Operation	Time	Space
Access `v[i]`	$O (1)$	$O (1)$
`push_back` / `emplace_back`	Amortized $O (1)$	$O (1)$ amortized
`pop_back`	$O (1)$	$O (1)$
`insert` at position `i`	$O (n - i)$	$O (1)$
`erase` at position `i`	$O (n - i)$	$O (1)$
`resize(n)`	$O (n)$	$O (n)$
`reserve(n)`	$O (n)$	$O (n)$
`clear`	$O (n)$	$O (1)$ (capacity kept)
`sort`	$O (n \log n)$	$O (\log n)$ stack
Iterate all	$O (n)$	$O (1)$
Copy	$O (n)$	$O (n)$

string

Operation	Time	Space
Access `s[i]`	$O (1)$	$O (1)$
`s += t` (append)	Amortized $O (\| t \|)$	$O (1)$ amortized
`substr(pos, len)`	$O (l e n)$	$O (l e n)$ (new string)
`find(t)`	$O (n \cdot m)$ worst	$O (1)$
`compare` / `==`	$O (min (n, m))$	$O (1)$
`insert(pos, t)`	$O (n + \| t \|)$	$O (1)$
`erase(pos, len)`	$O (n)$	$O (1)$
Lexicographic `<`	$O (min (n, m))$	$O (1)$

C-Array `T a[N]`

Operation	Time	Space
Access `a[i]`	$O (1)$	$O (1)$
Fill with `memset`/`fill`	$O (N)$	$O (1)$
Copy with `memcpy`/`copy`	$O (N)$	$O (N)$

String Iteration Efficiency

Small choices in string loops have large performance consequences:

1. s.size() returns size_t (unsigned)—match your loop variable or cast.

cpp

// BAD: comparison between signed and unsigned
for(int i = 0; i < s.size(); i++)  // compiler warning; works, but sloppy

// GOOD: cast to int (safe for n <= 2*10^9)
for(int i = 0; i < (int)s.size(); i++)

// ALSO GOOD: range-for when you don't need the index
for(char c : s)

2. s[i] is $O (1)$ but s.substr(i) is $O (n - i)$ .

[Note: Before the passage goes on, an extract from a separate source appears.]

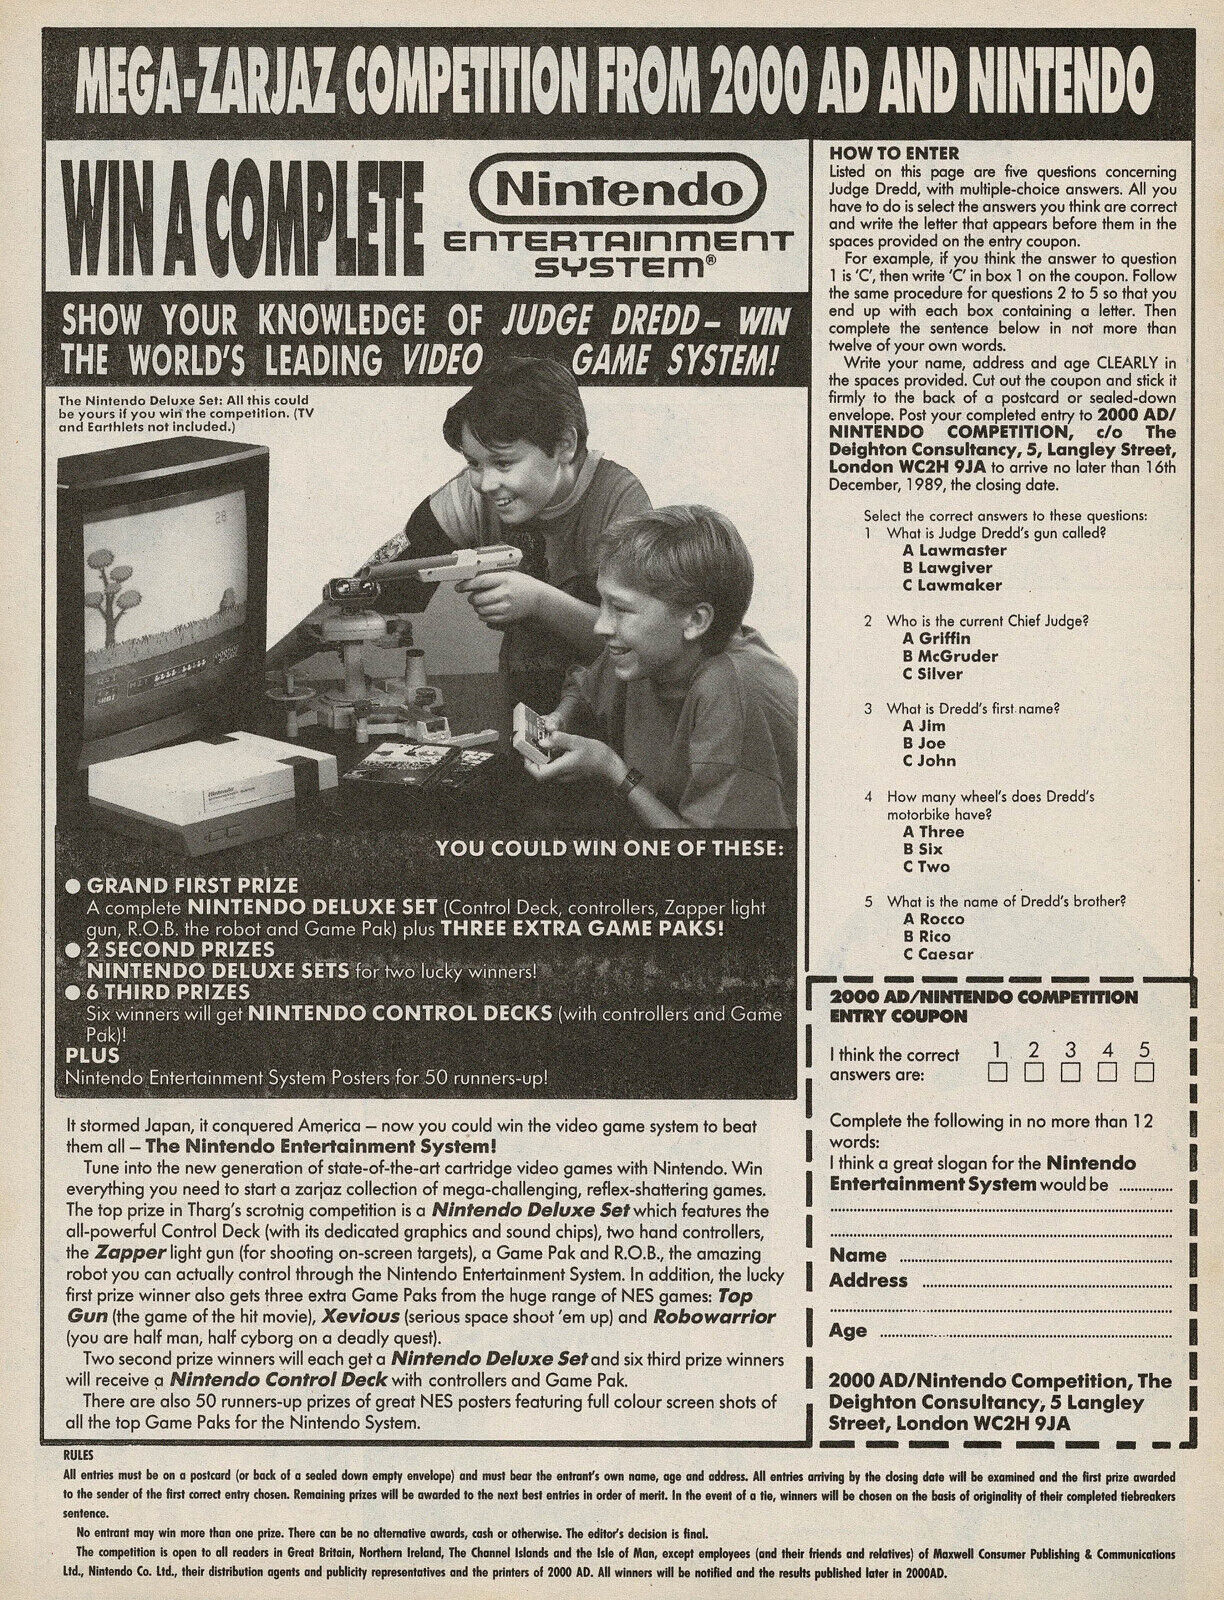 Vintage Nintendo NES Video Game Console Computer Promo Photo Print Ad 1980s
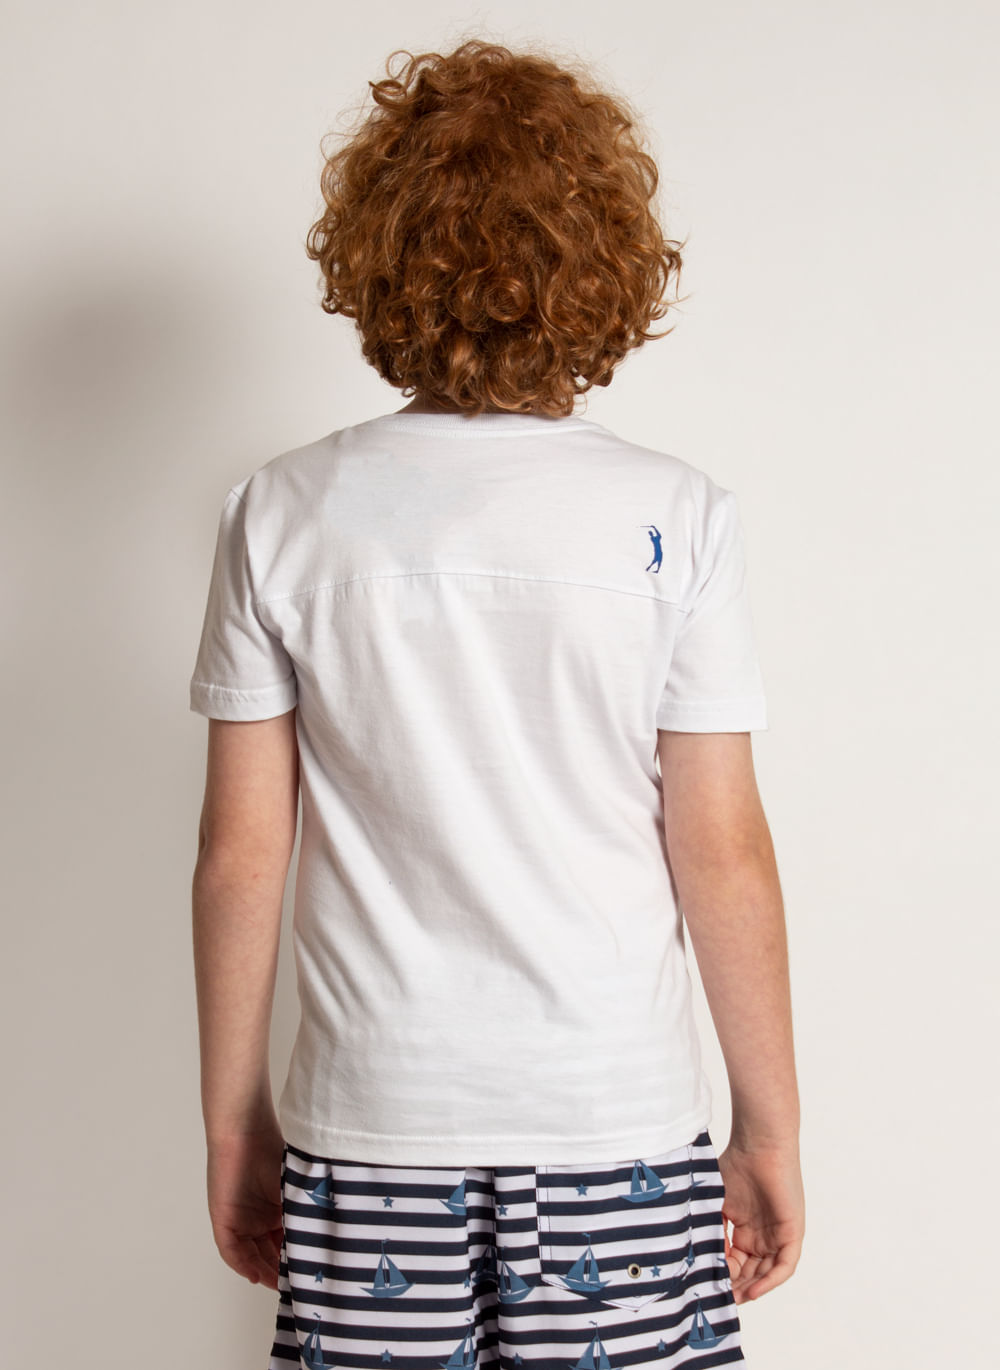 camiseta-estampada-aleatory-kids-enjoy-branca-modelo-2020-2-

Every substr allocates a new string and copies characters. In a loop, this turns $O (n)$ logic into $O (n^{2})$ :

cpp

// BAD: O(n^2) -- substr copies (n-i) chars each iteration
for(int i = 0; i < (int)s.size(); i++){
    string tail = s.substr(i);  // O(n-i) allocation + copy
    if(tail < best) best = tail;
}

// GOOD: compare in-place using iterators or string_view
for(int i = 0; i < (int)s.size(); i++){
    // Invariant: best holds the lex-smallest suffix seen so far among s[0..i-1]
    if(s.compare(i, string::npos, best) < 0)
        best = s.substr(i);  // only copy when we find a new best
}

3. s += c vs s = s + c—amortized $O (1)$ vs $O (n)$ .

cpp

string s;
// BAD: s = s + c creates a temporary, copies all of s, then appends c --> O(n) per call
// Invariant: after i iterations, s contains i characters (but O(i^2) total work)
for(int i = 0; i < n; i++)
    s = s + 'a';           // O(n^2) total!

// GOOD: s += c appends in-place with amortized O(1) reallocation
// Invariant: after i iterations, s contains i characters (O(i) total work)
for(int i = 0; i < n; i++)
    s += 'a';              // O(n) total

This is the single most common performance bug in string-heavy contest problems. If your string solution TLEs, check for s = s + ... first.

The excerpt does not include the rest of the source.